* TASK TO COMPLETE: Your copy of the data should match it exactly, leaving out only the pictures.

* DATA:
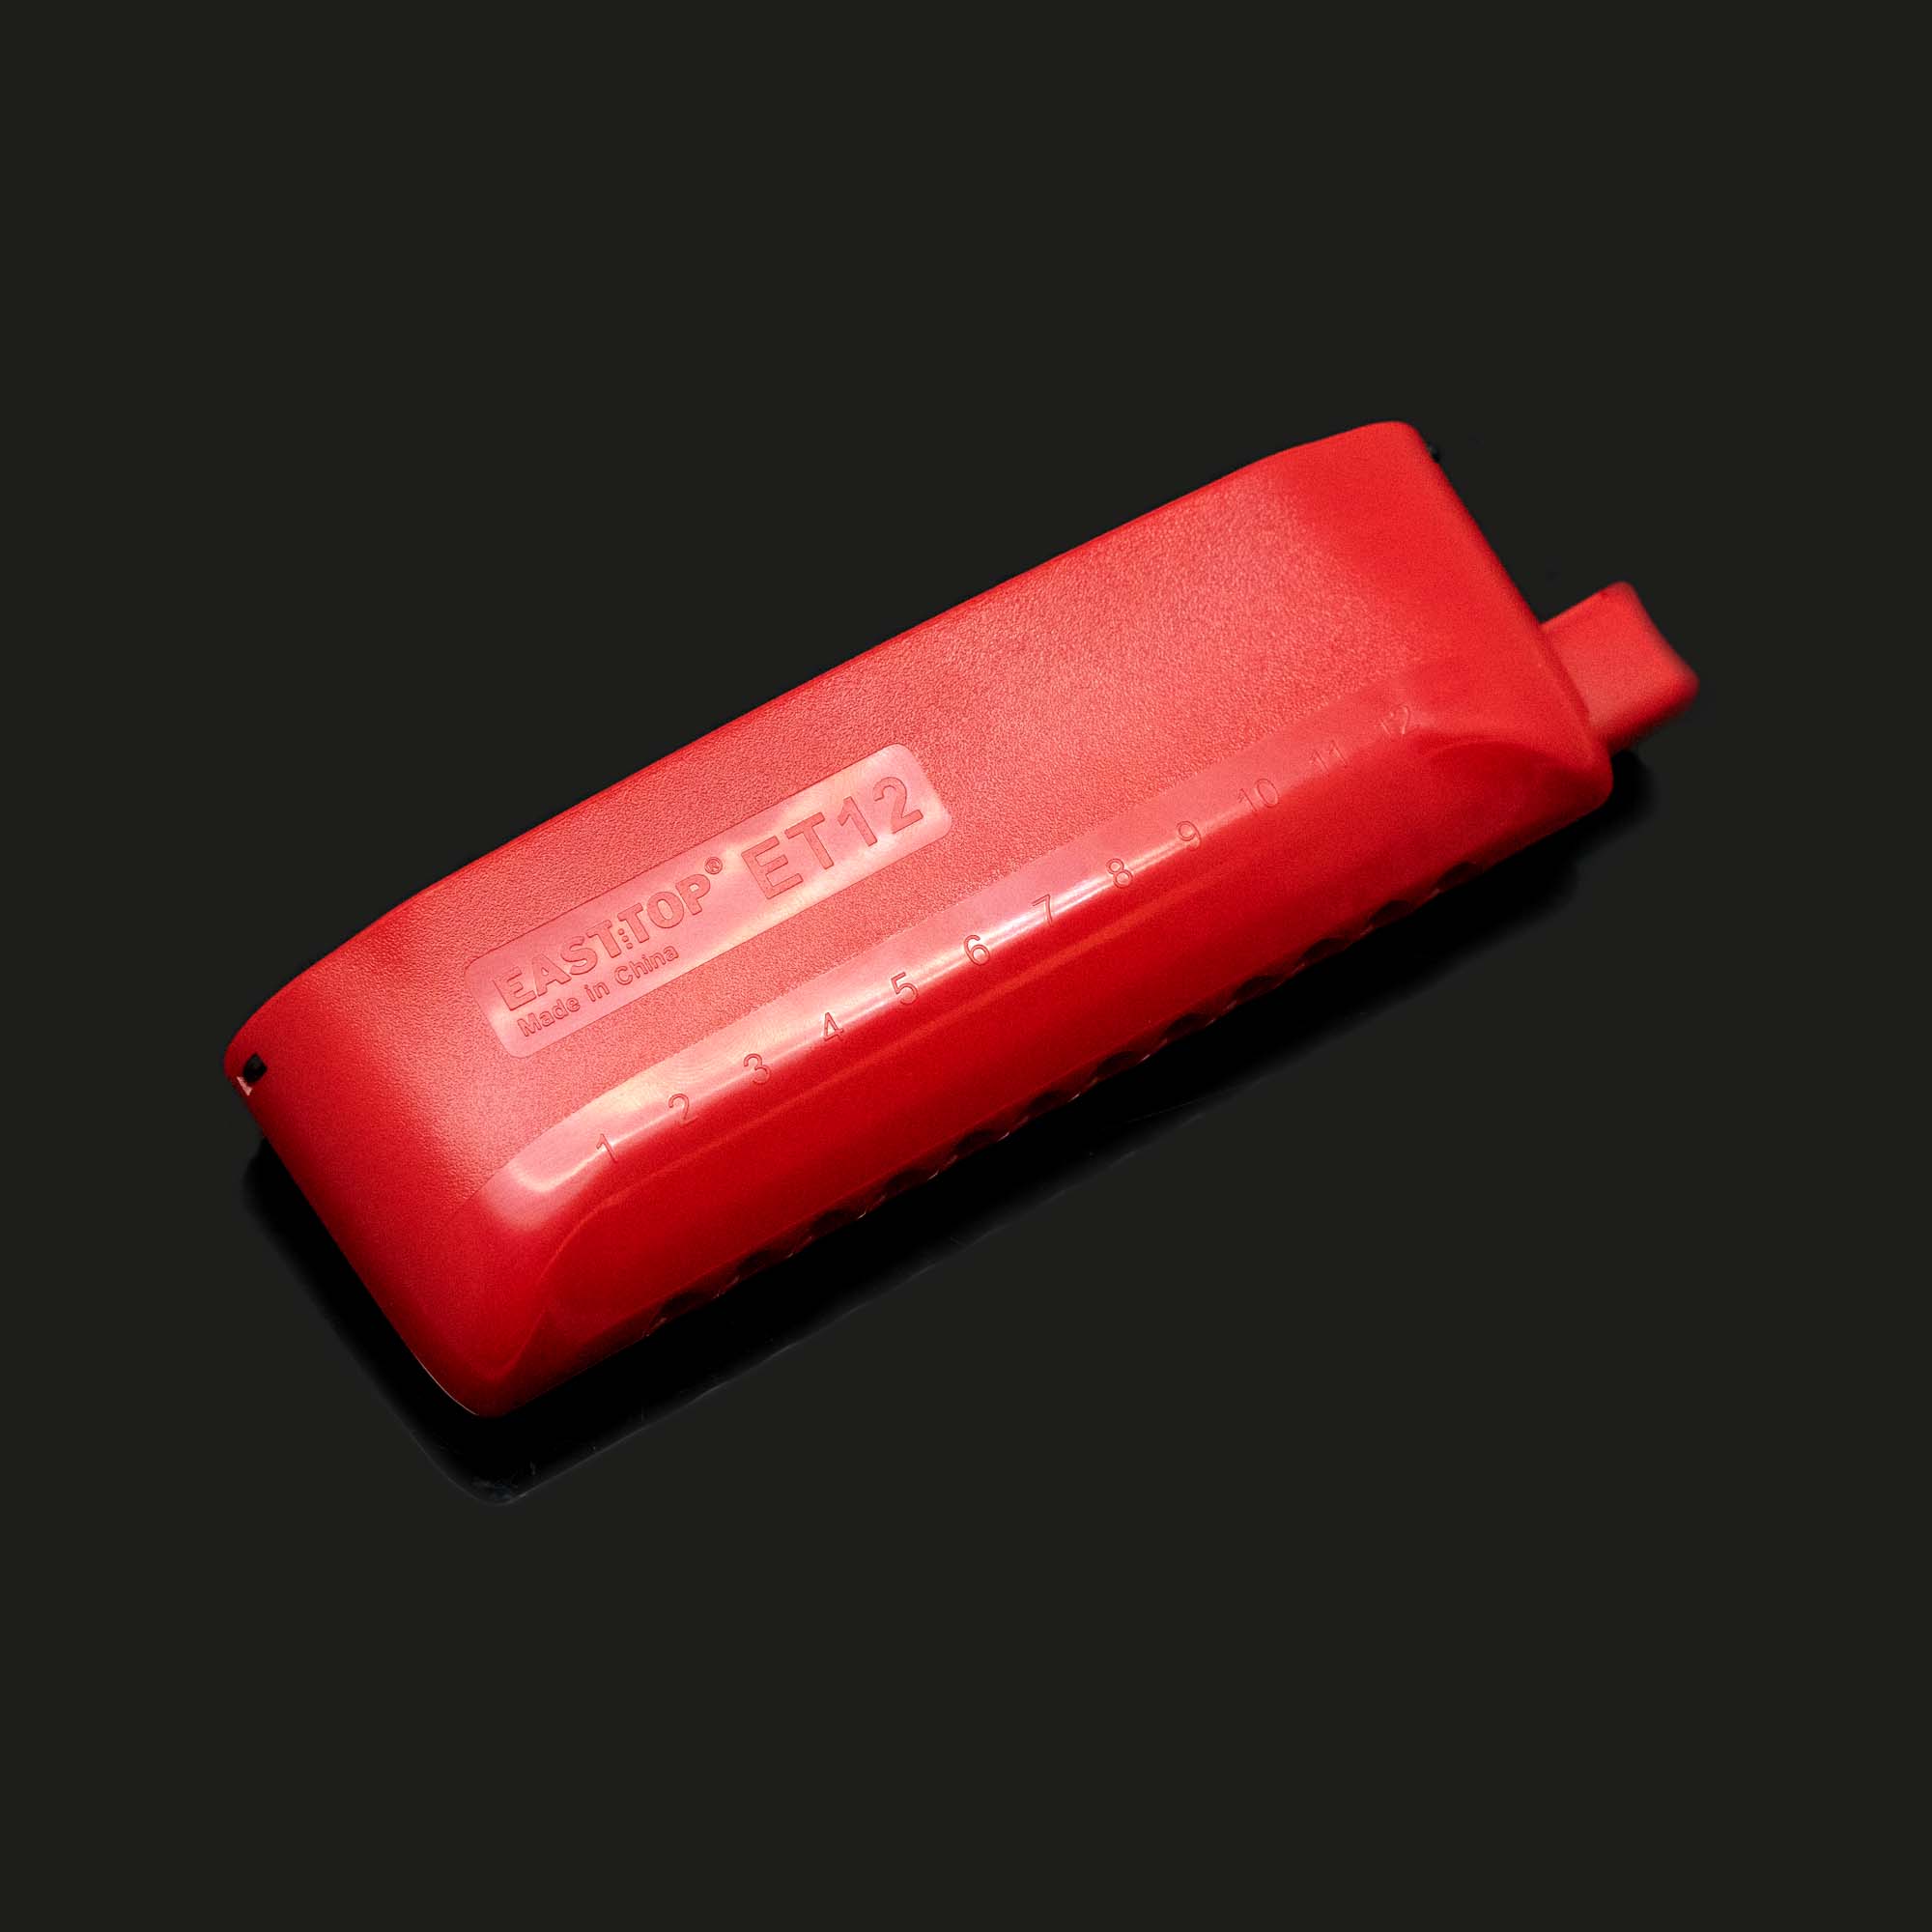 Exclusive Offering: Easttop Harmonica ET12 2024 New Year Limited Edition - Chinese Red, Key of C. Only 30 Available on this Online Store! Ship via FedEx(ET12-RED) Order now and receive a free 8-hole harmonica valued at $9.99 USD - Easttop harmonica
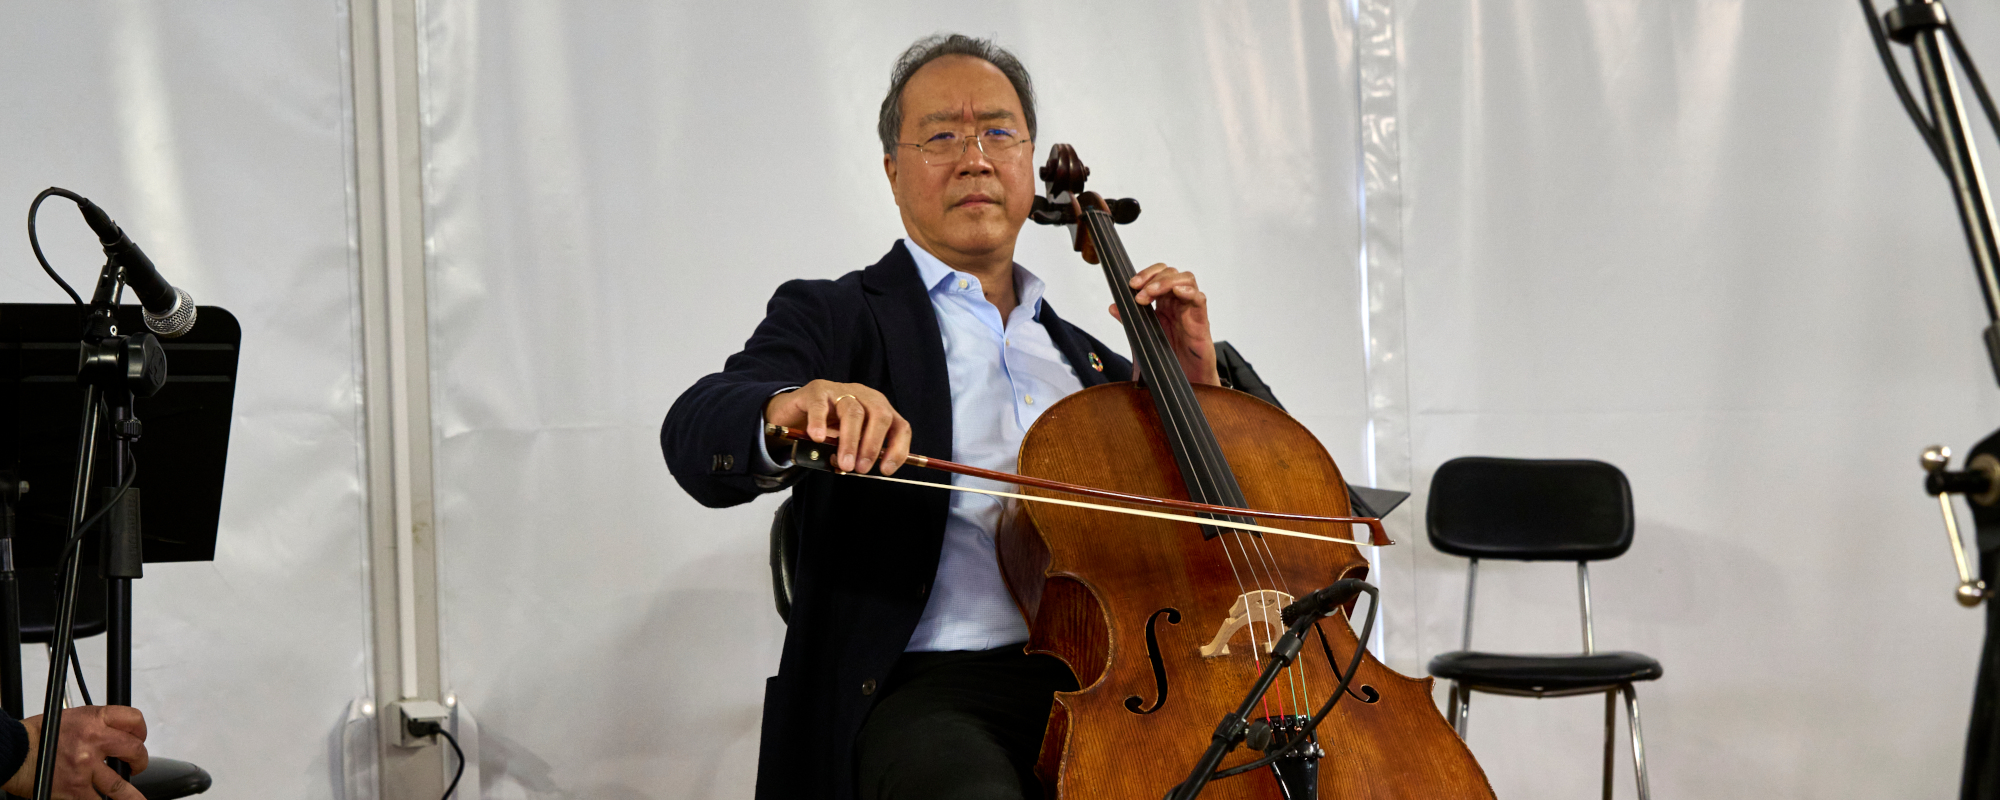 Watch: Yo-Yo Ma Performs in the Middle of the Woods with Chirping Birds
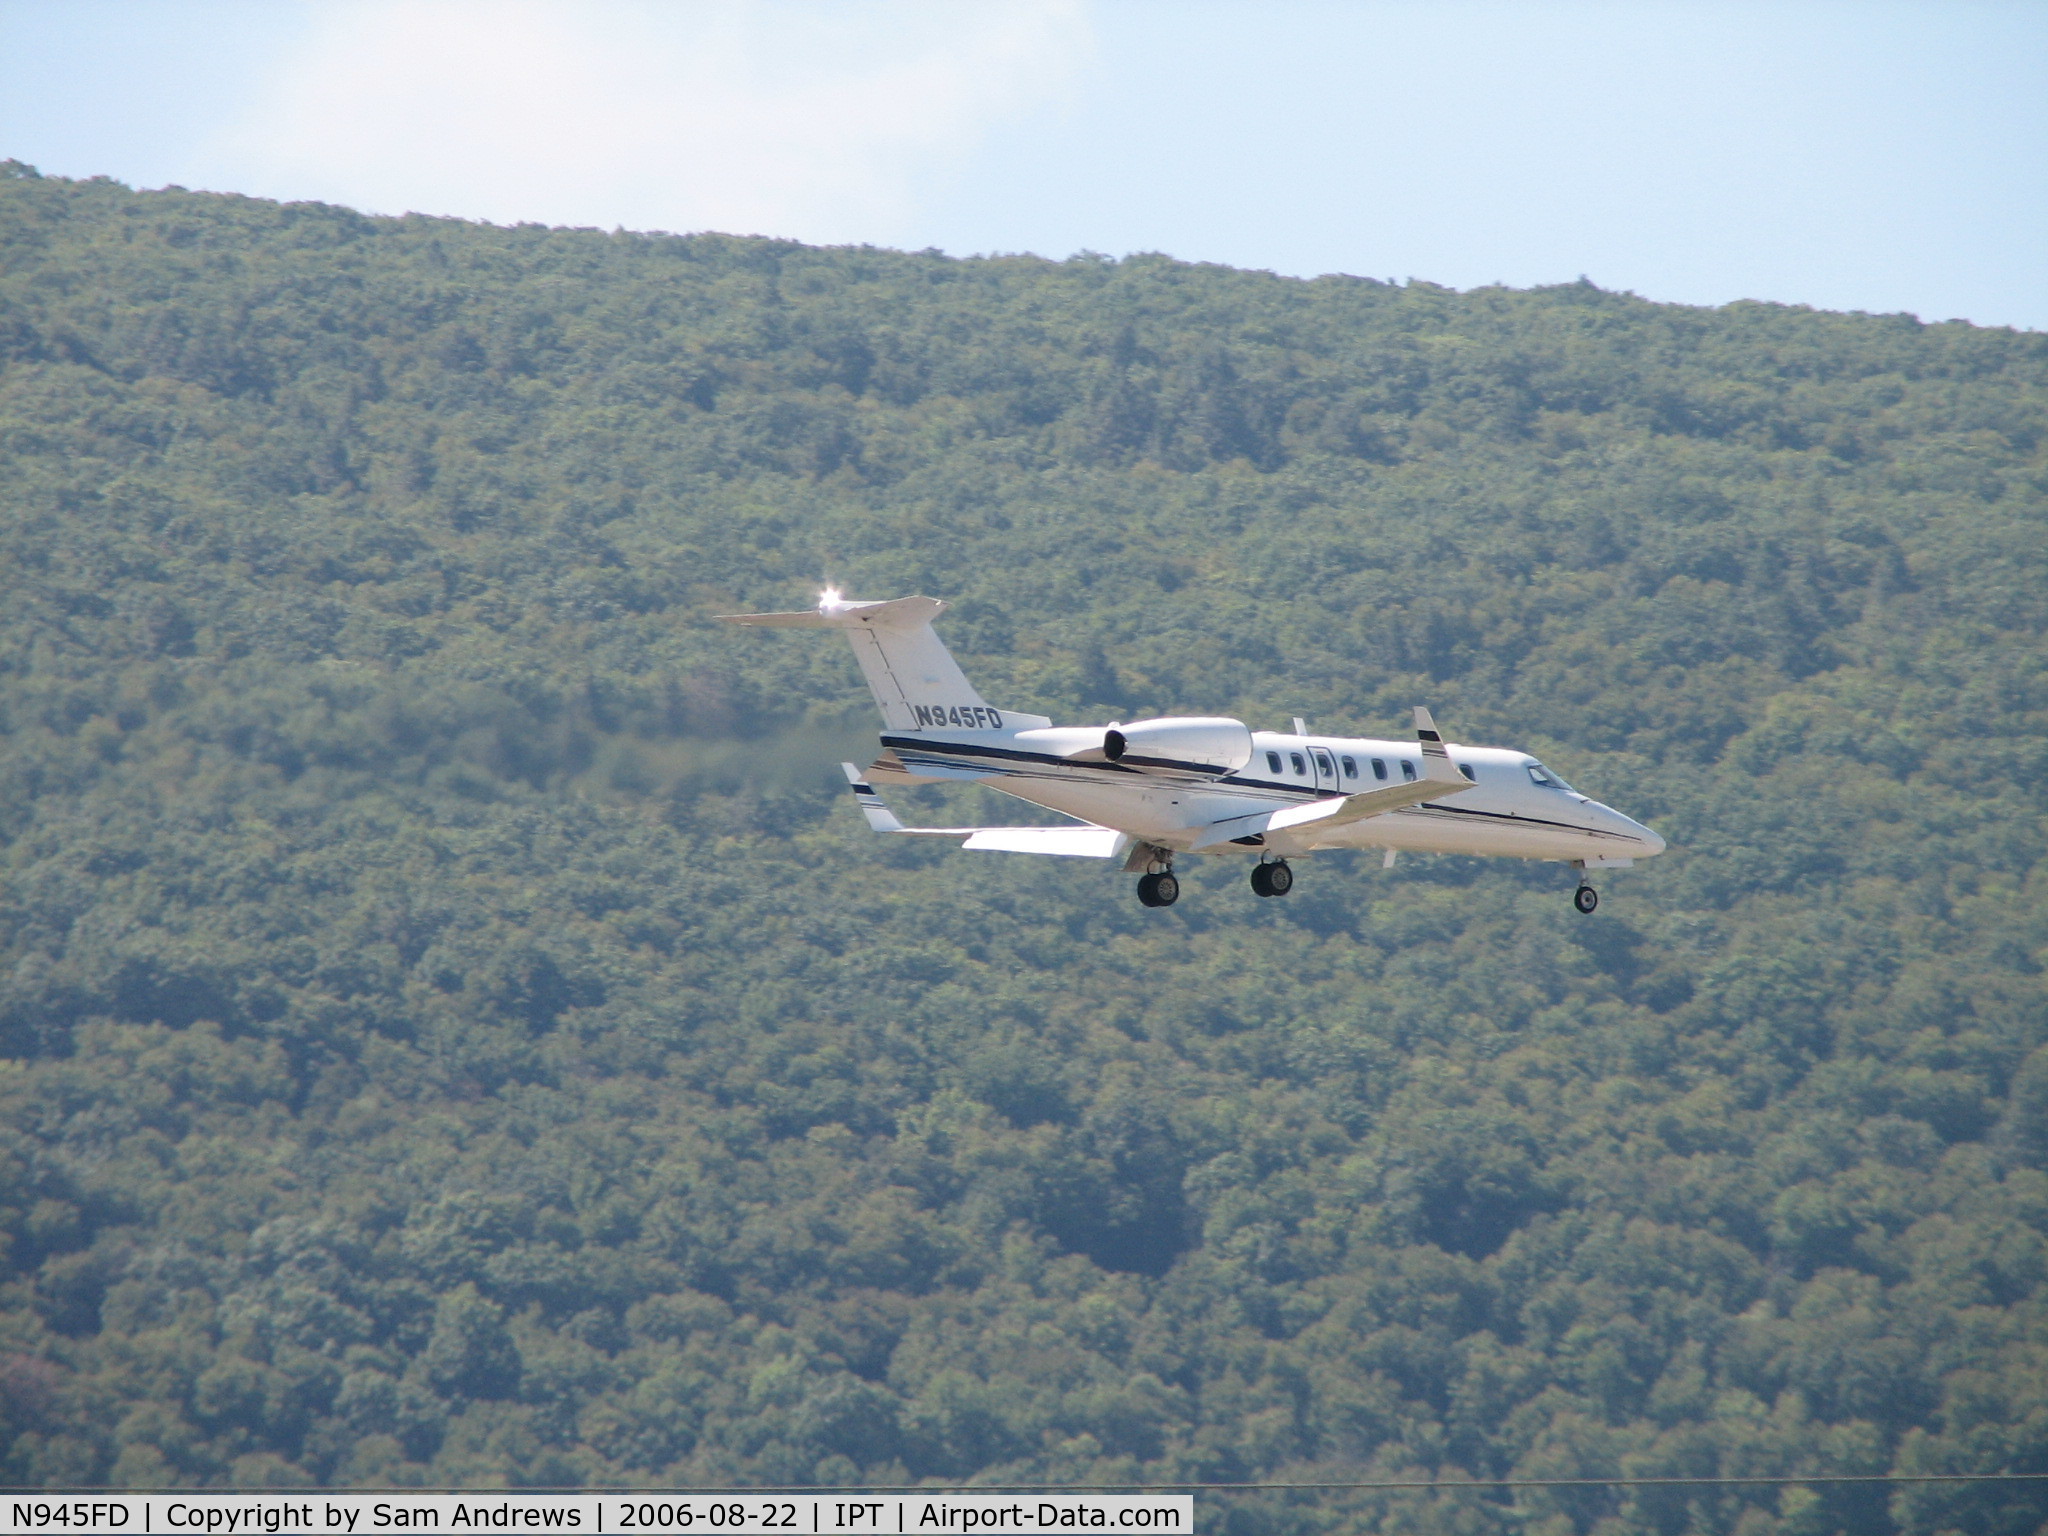 N945FD, 2000 Learjet 45 C/N 122, stable approaches are always best.

* SOLVED EXERCISE:
 Exclusive Offering: Easttop Harmonica ET12 2024 New Year Limited Edition - Chinese Red, Key of C. Only 30 Available on this Online Store! Ship via FedEx(ET12-RED) Order now and receive a free 8-hole harmonica valued at $9.99 USD - Easttop harmonica
 Watch: Yo-Yo Ma Performs in the Middle of the Woods with Chirping Birds
 N945FD, 2000 Learjet 45 C/N 122, stable approaches are always best.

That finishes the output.